Invitations

Reginald frowned at his collar, wondering why it became lopsided only after he donned his tunic. He examined it closely in the mirror–only slightly crooked but nonetheless noticeable. He shrugged off his tunic for the third time that morning, his collar magically straightening as a result. Sighing, he tended to his collar, tugging and pulling at it with noble dexterity.

“Some Holders have people for this,” He muttered under his breath.
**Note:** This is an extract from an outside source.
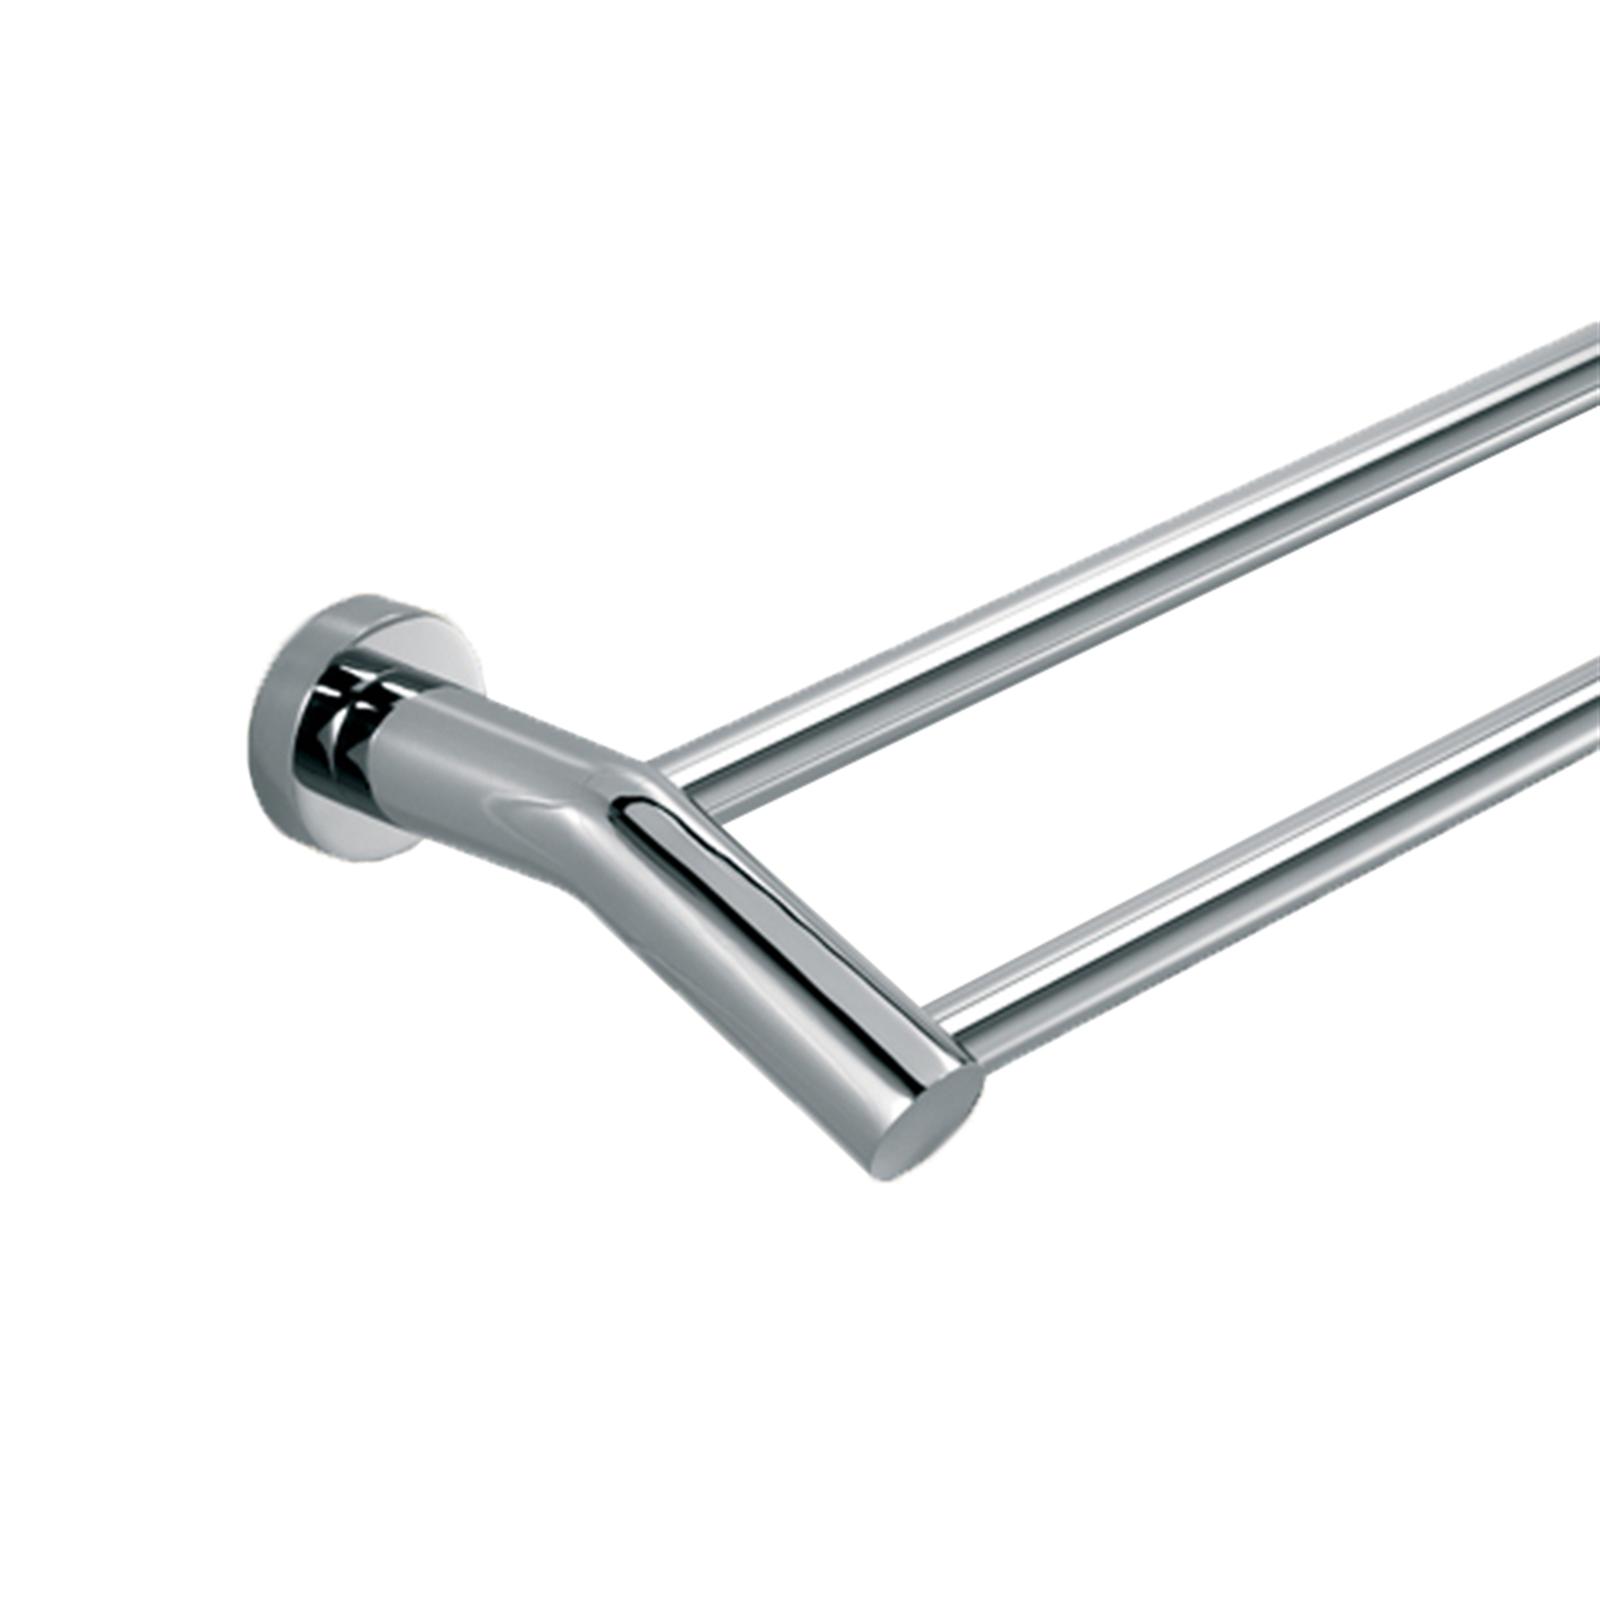 Caroma 600mm Chrome Double Towel Rail

But it had been years since someone had actually helped him get dressed in the morning. And he remembered why. He shook the memory away, of his father’s business prospects drying up immediately after he brought Reginald’s new–and unexpected–baby sister back from the Caldari State. He shook away the memory of his mother being outraged, of how she left the family. He shook away the memory of his father not having enough ISK to pay the tuition for Reginald to attend the Royal Amarr Institute. He shook away the memory of not being at his father’s funeral after he had committed suicide. A familiar string of bad memories.

He tugged violently at the collar, pulling out a button. He heard it land on the ground with two skips and a roll before settling down with a soft rattle. Cursing softly, he unbuttoned the shirt calmly and threw it off to the side. He walked over to a large walk-in dresser and found an exact duplicate, removing it from the hangar and going through the motions of putting it on. He returned to the mirror, taking a deep breath as he threw on the tunic as well.

Still crooked. What an excellent way to begin the morning. Perhaps it would have been better to go with the normal routine.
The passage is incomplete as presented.